▶ _What you need to do_:
Would you output the listing exactly, with every image omitted?

▶ _Collected data_:
=== Section Start ===

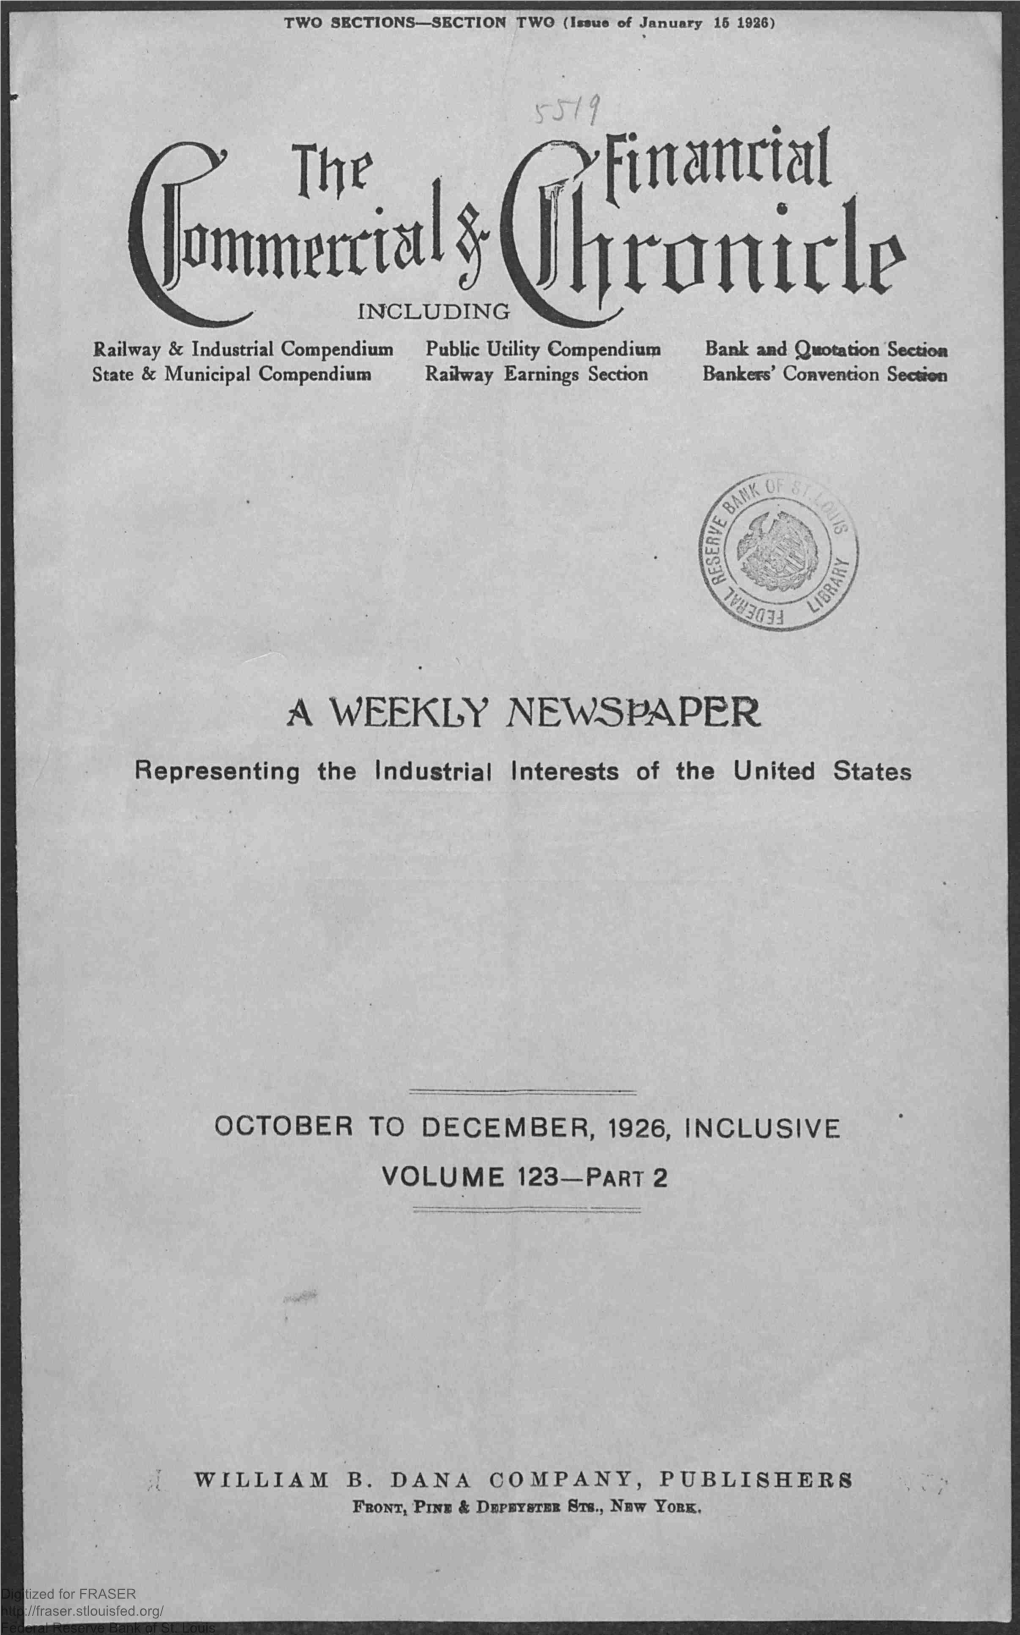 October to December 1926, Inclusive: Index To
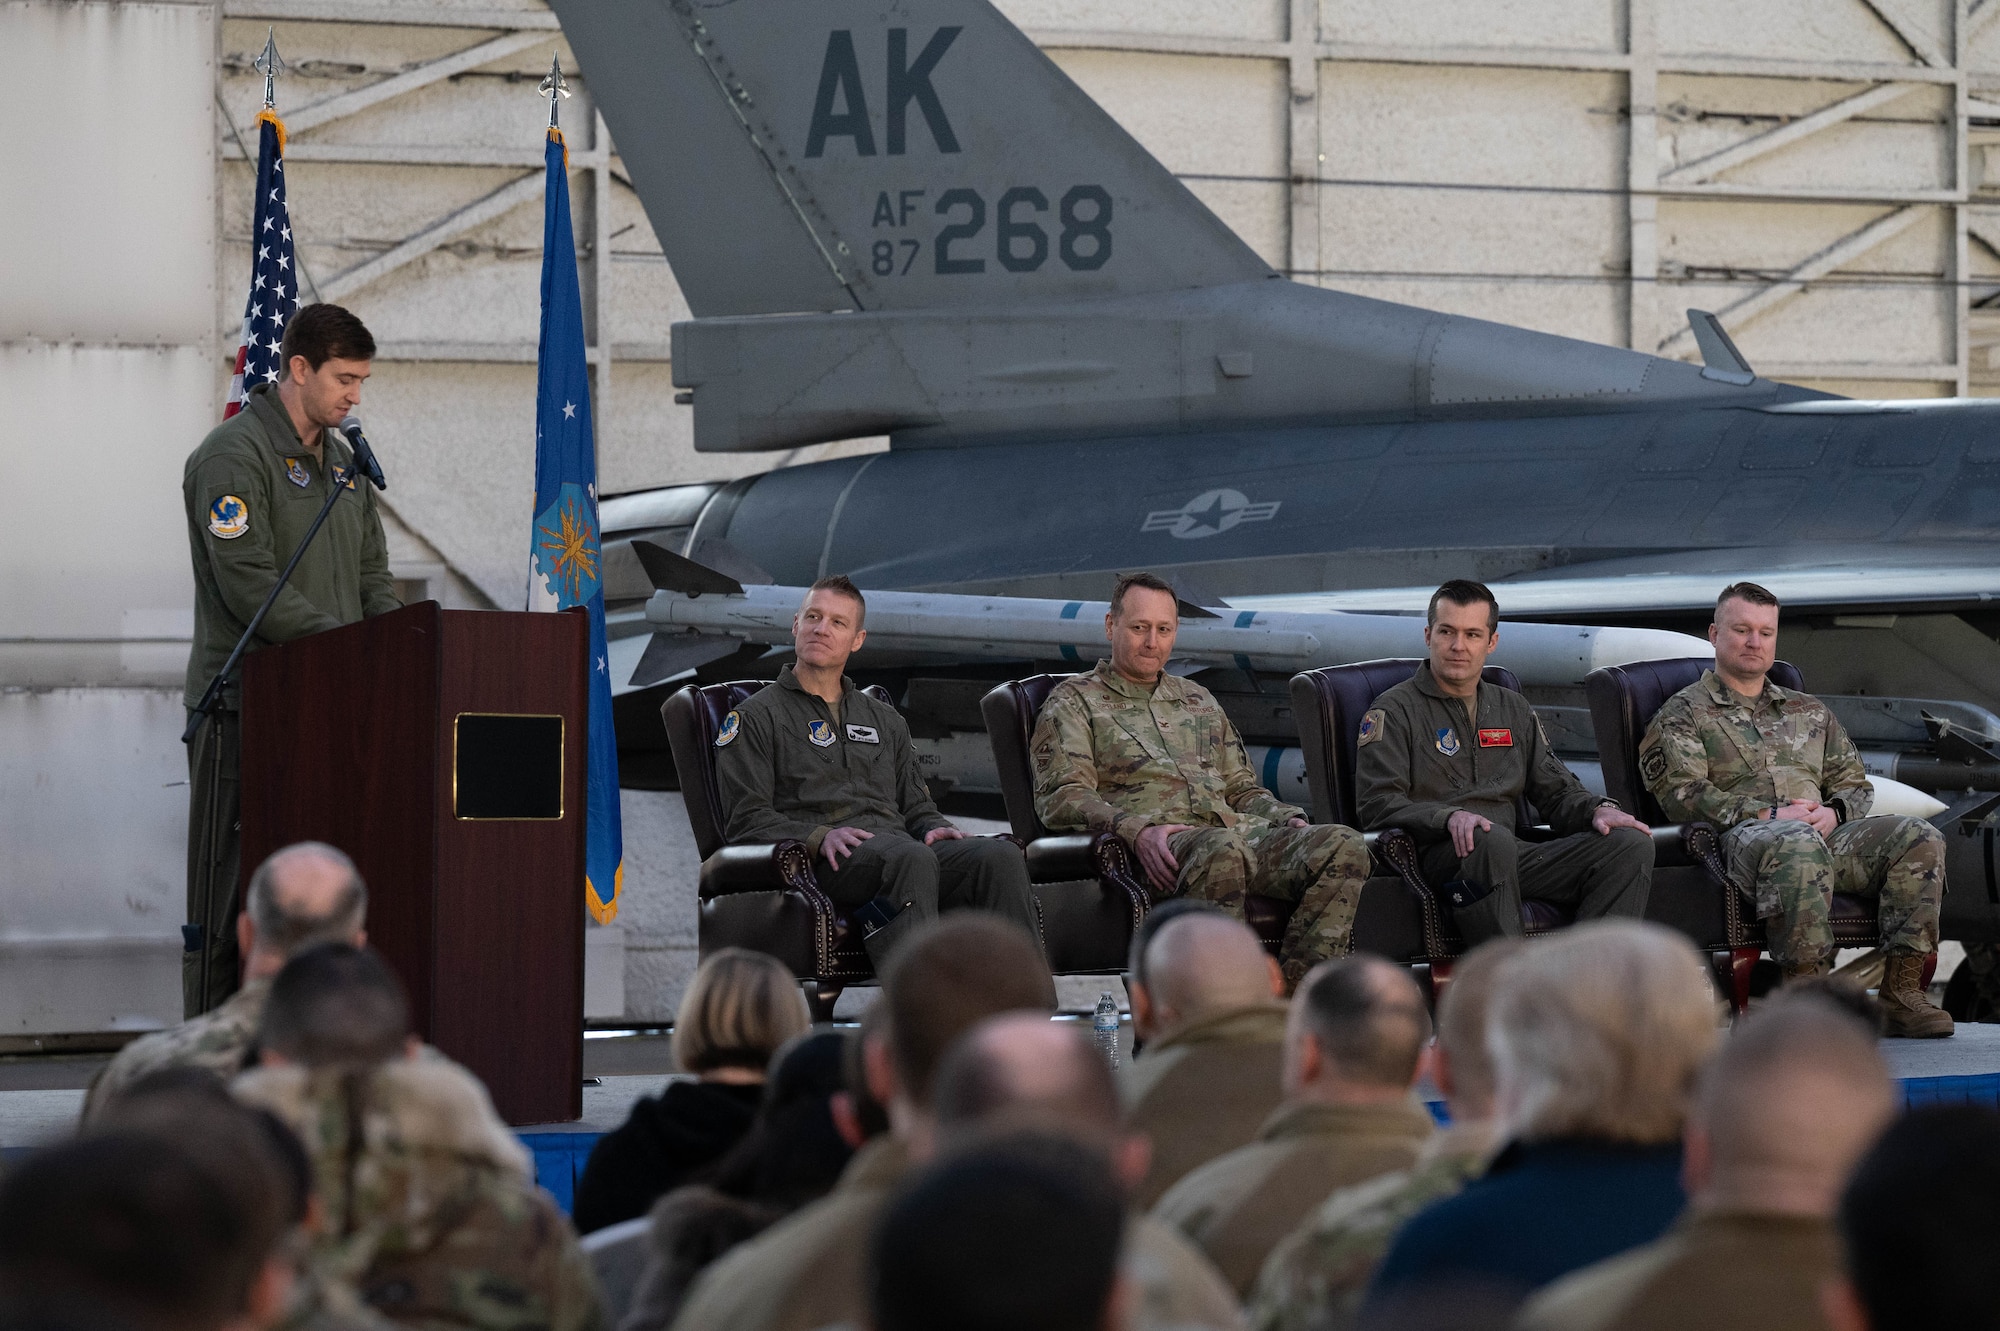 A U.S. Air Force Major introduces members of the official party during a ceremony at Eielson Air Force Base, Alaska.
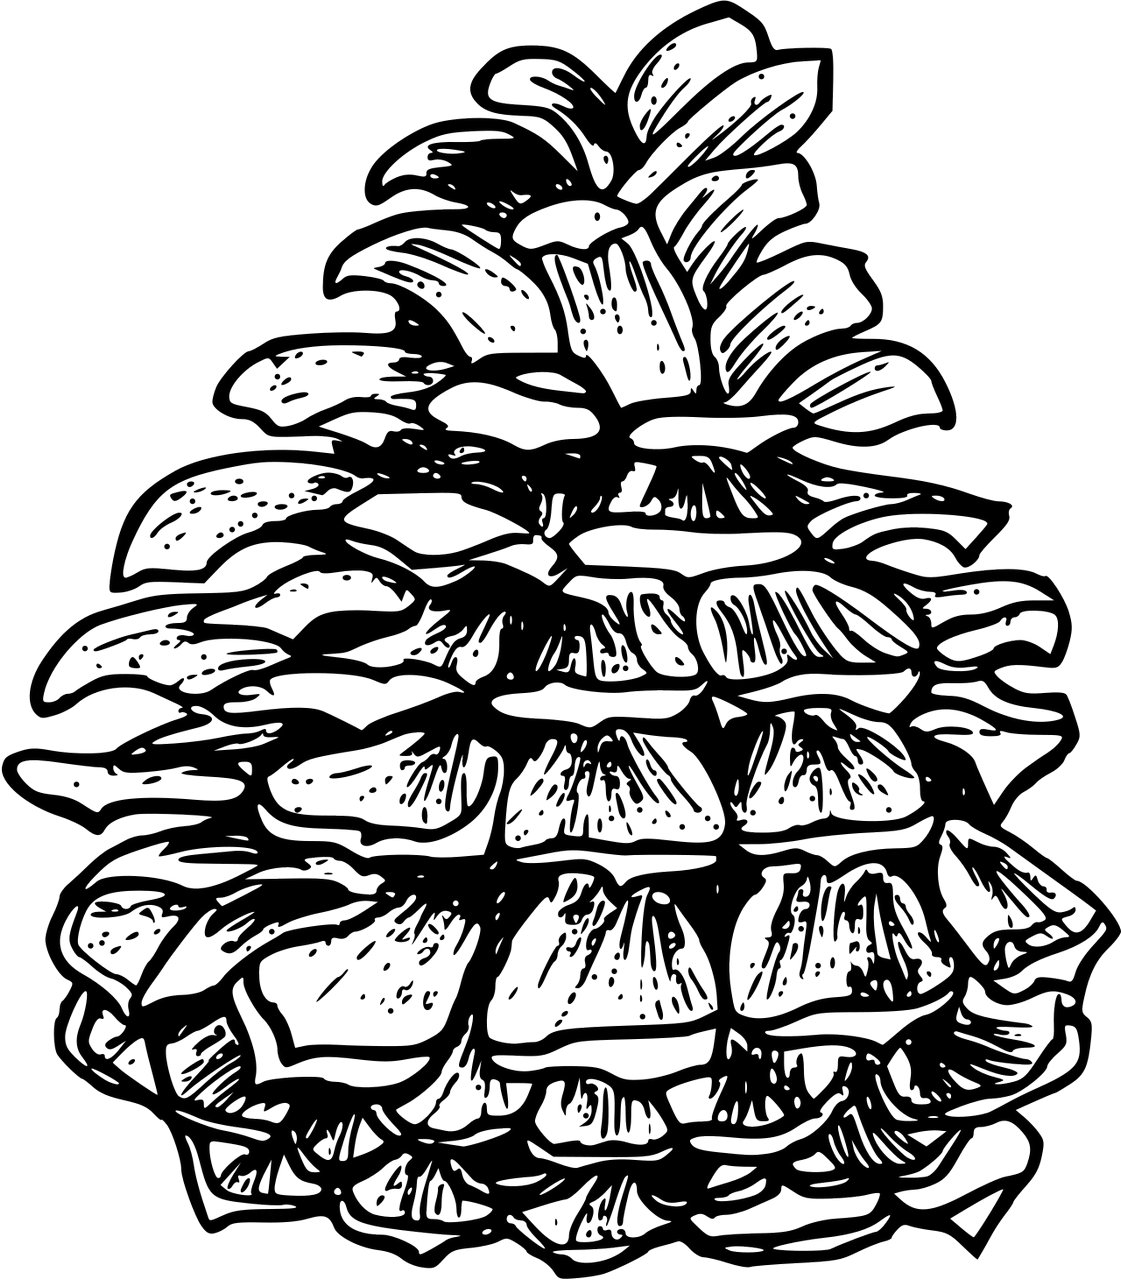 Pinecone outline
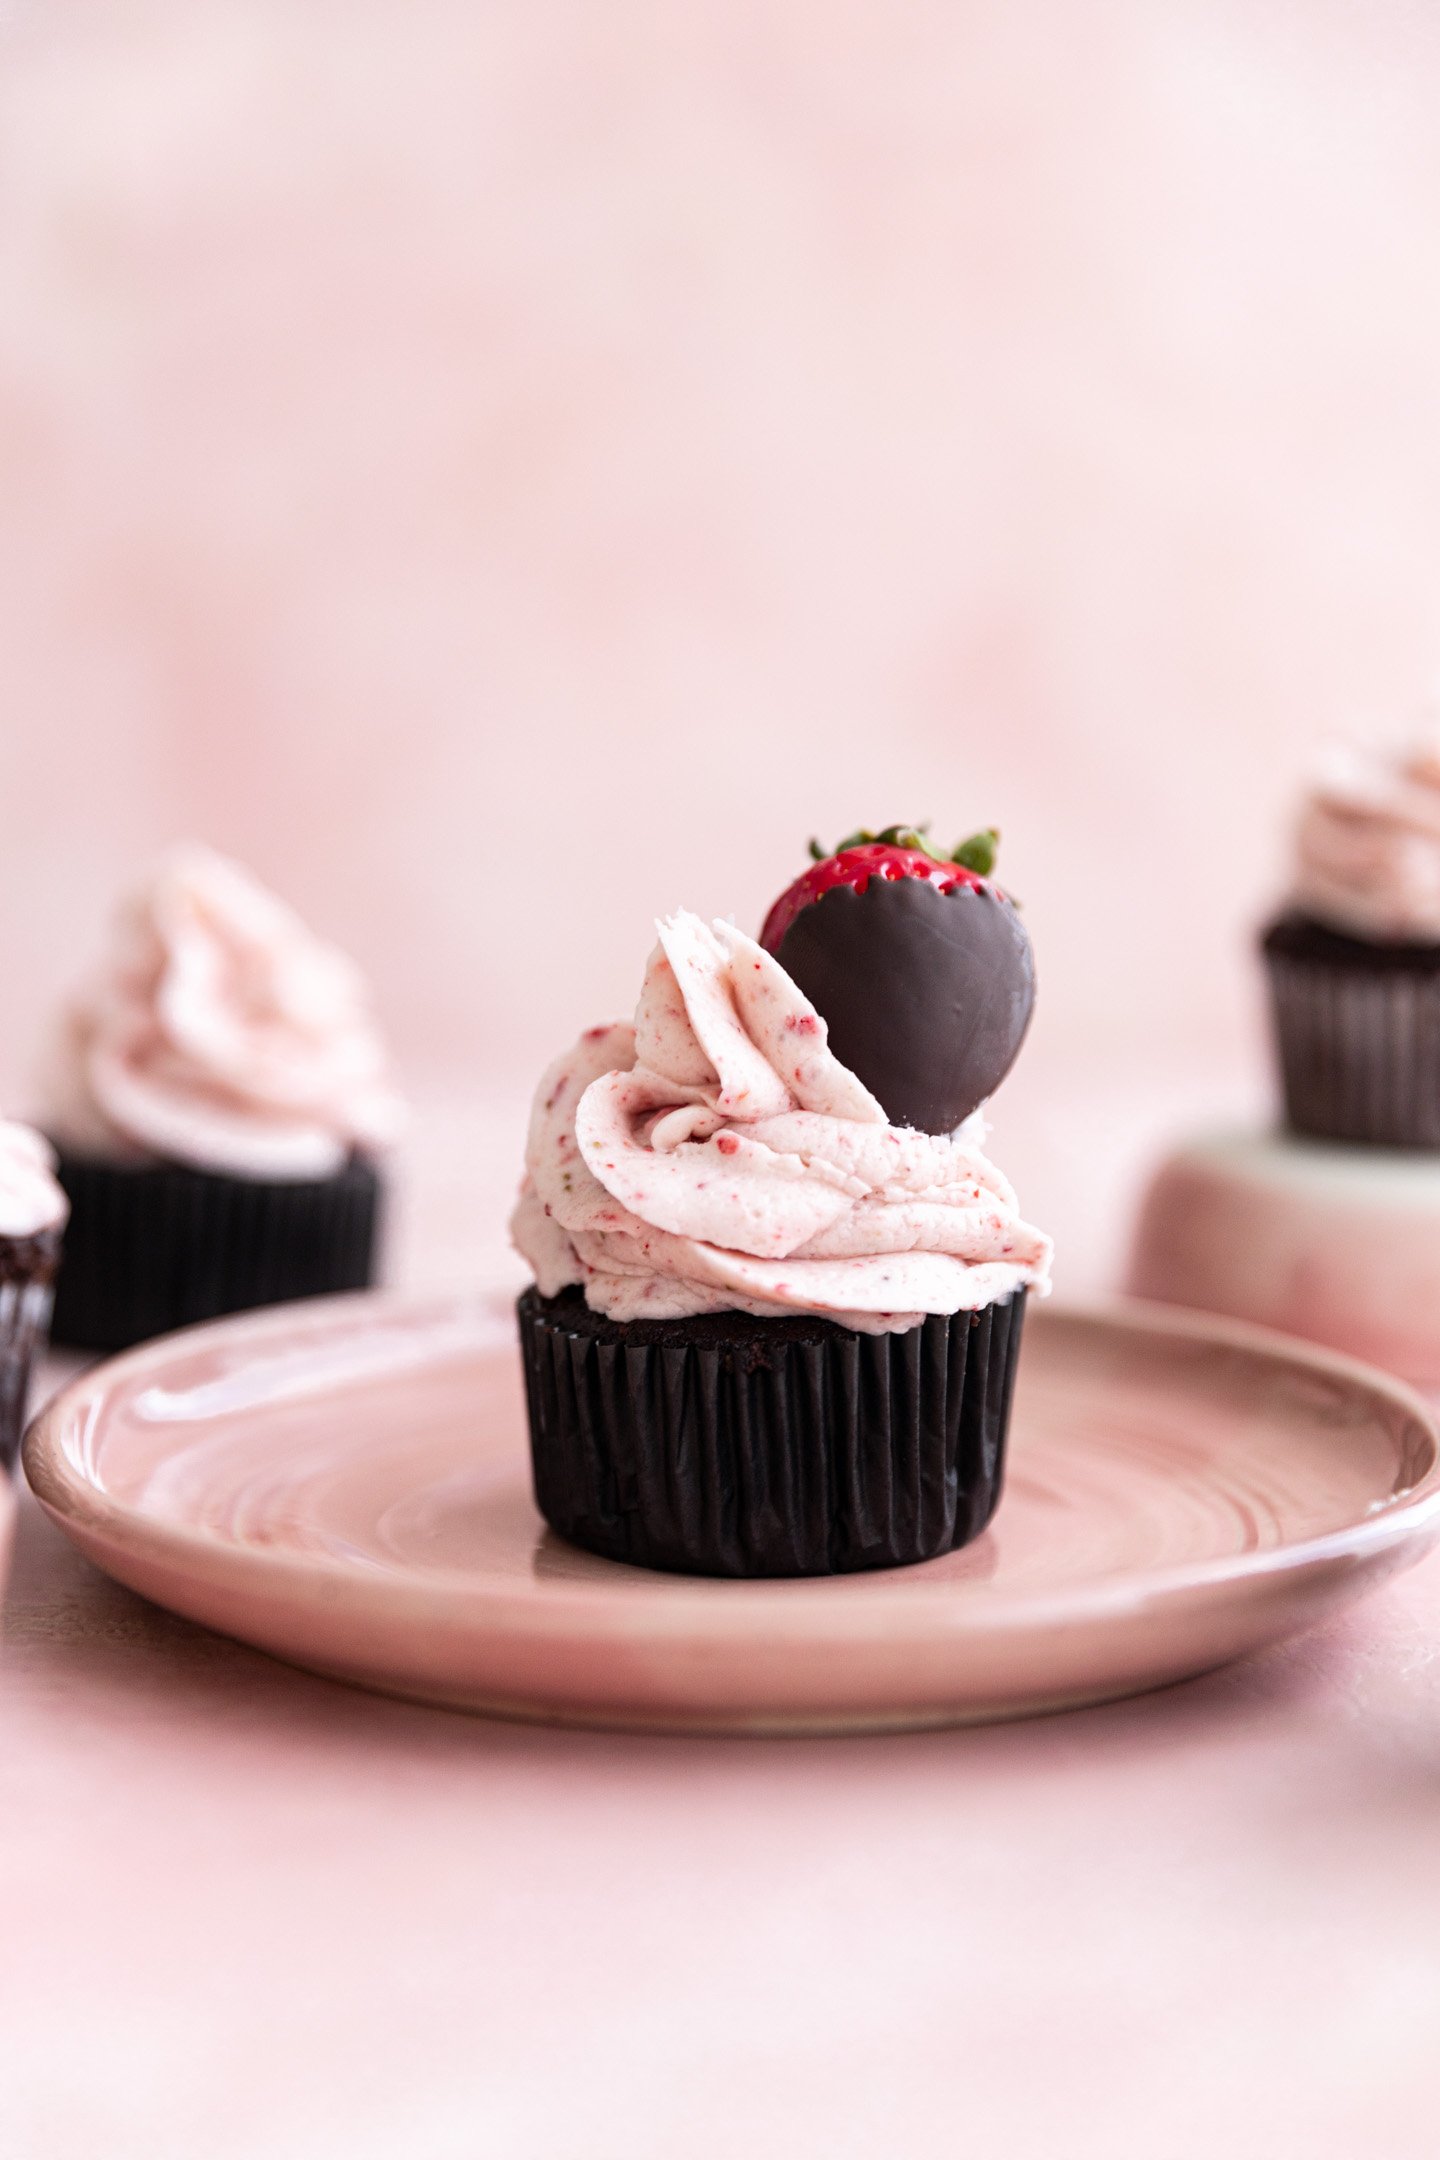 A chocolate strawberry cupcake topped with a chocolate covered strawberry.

=== Section End ===

▶ _Response_:
 October to December 1926, Inclusive: Index To
 A U.S. Air Force Major introduces members of the official party during a ceremony at Eielson Air Force Base, Alaska.
 Pinecone outline
 A chocolate strawberry cupcake topped with a chocolate covered strawberry.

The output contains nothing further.